-- Opening Marker --

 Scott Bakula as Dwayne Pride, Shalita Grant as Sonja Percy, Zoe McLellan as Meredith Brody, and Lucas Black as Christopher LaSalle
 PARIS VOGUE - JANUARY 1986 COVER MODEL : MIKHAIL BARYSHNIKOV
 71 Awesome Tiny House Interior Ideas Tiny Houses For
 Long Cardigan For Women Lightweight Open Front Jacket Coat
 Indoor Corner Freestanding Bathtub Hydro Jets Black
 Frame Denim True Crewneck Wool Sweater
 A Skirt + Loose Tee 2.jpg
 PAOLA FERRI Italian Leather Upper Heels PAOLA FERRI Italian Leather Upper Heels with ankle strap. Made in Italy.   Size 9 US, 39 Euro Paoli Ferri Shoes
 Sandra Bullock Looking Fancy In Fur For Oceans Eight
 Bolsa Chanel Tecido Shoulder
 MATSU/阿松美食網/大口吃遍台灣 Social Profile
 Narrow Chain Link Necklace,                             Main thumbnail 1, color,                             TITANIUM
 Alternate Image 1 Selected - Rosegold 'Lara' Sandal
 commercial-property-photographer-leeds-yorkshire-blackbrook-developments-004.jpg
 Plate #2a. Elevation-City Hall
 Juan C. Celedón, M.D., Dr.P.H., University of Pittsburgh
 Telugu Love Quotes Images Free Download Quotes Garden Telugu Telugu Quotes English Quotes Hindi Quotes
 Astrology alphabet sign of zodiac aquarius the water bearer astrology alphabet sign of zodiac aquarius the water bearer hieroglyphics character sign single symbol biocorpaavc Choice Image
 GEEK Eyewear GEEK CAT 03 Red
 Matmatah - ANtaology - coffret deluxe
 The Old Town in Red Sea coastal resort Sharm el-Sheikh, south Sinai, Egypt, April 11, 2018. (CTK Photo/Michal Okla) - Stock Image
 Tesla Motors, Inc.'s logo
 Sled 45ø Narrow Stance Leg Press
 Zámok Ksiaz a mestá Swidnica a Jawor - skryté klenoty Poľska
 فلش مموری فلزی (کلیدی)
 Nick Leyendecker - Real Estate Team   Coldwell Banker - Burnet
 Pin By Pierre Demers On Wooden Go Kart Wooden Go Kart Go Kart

-- Closing Marker --

Exercise brief
Go through the listing above and return every line where the word "Narrow" occurs.

Result of the task
 Narrow Chain Link Necklace,                             Main thumbnail 1, color,                             TITANIUM
 Sled 45ø Narrow Stance Leg Press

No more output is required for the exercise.